1. Ingestion experiment for mysids
Five of the 20 individuals in the low-concentration group and three of the 20 individuals in the high-concentration group died during the experiment. Polyethylene beads ingested by the mysids differed significantly between treatments in both number (likelihood ratio test: χ² (1) =18.49, p < 0.001) and mass (χ² (1) = 15.61, p < 0.001). Mysids exposed to the high concentration ingested an average of 266.82 particles per individual (SD: 155.39) for a mean mass of 0.016 ng per mysid (SD: 0.016), a four-fold increase in particle number and six-fold increase in particle mass than mysids exposed to the low concentration, which ingested an average of 65.53 particles per individual (SD: 63.36) for a mean mass of 0.0026 ng per mysid (SD: 0.0028).
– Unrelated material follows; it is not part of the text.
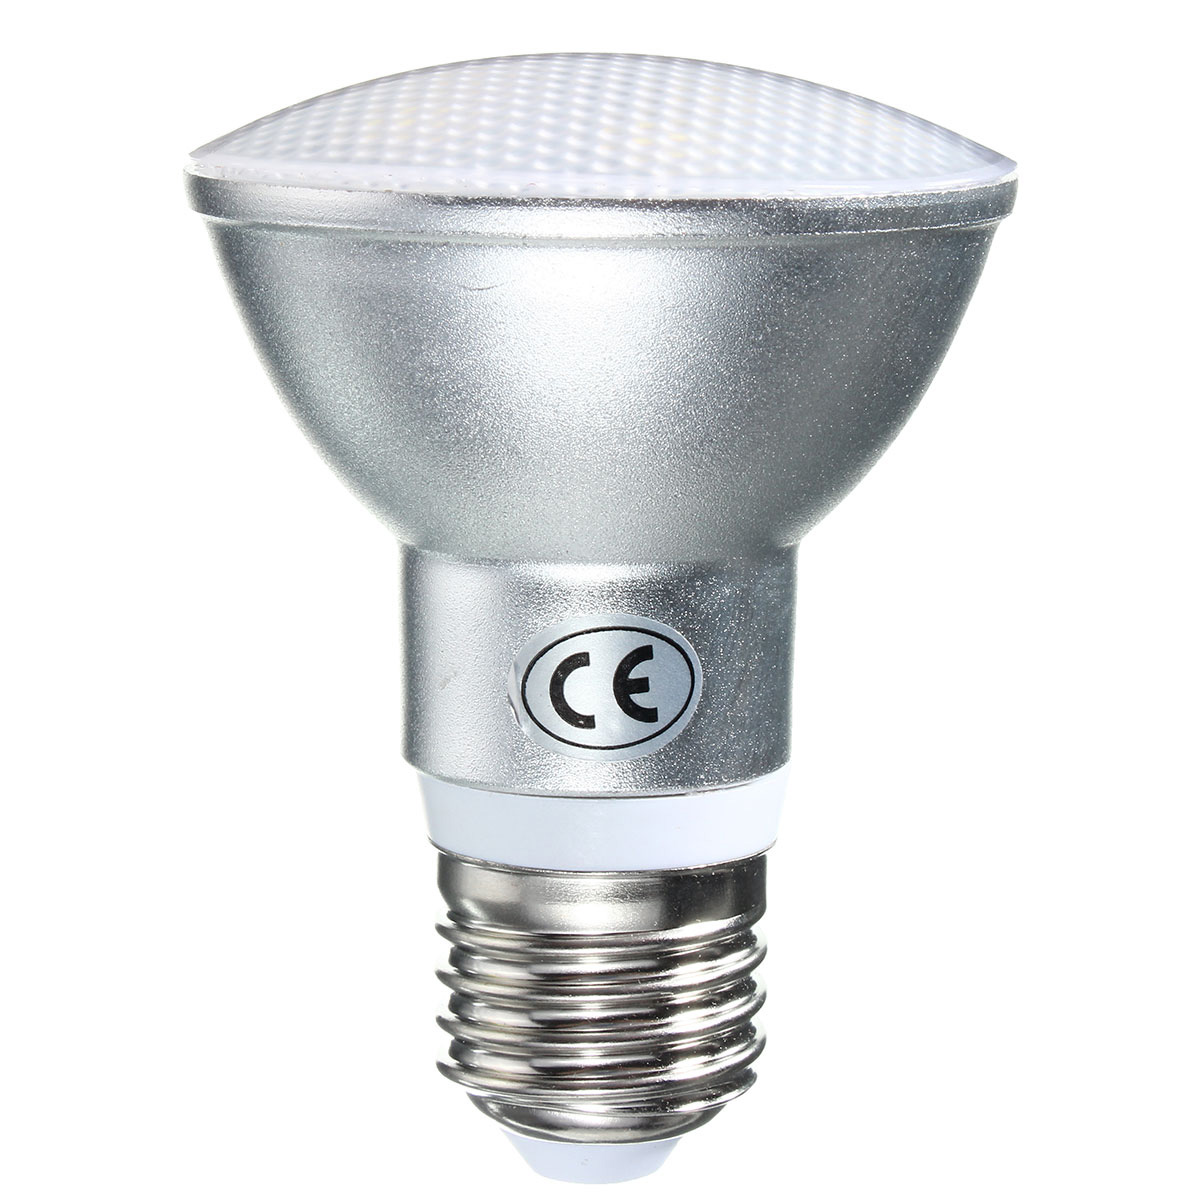 Dimmable-E27-PAR20-9W-LED-PlasticampALuminum-525Lm-IP65-Globe-Light-Lamp-Bulb-AC110V-1073157

2. Trophic transfer experiment
The number and mass of polyethylene beads ingested by fish varied significantly in concentration and source (Table 1). On average, fish that ingested bead-exposed mysids ingested 8-11 times more particles (Table 1, Fig. 3a) and 3-5 greater mass than fish exposed to polyethylene beads in the water column (Fig. 3b). Fish exposed to the higher concentration of polyethylene beads ingested 2e3 times more particles and 3e6 times greater mass than those exposed to the lower concentration in both groups (fish fed bead-exposed mysids and fish in bead-containing water). There was no significant interaction between bead concentration and bead source (Table 1). Notably, the effect size of the source differed greatly between particle number (z [1, N = 15] = 0.01, p < 0.001, odds ratio: 13.62, confidence interval: 4.01, 40.15) and particle mass (t [1] = 0.13, p = 0.048, odds ratio: 4.20, confidence interval: 0.92, 15.53).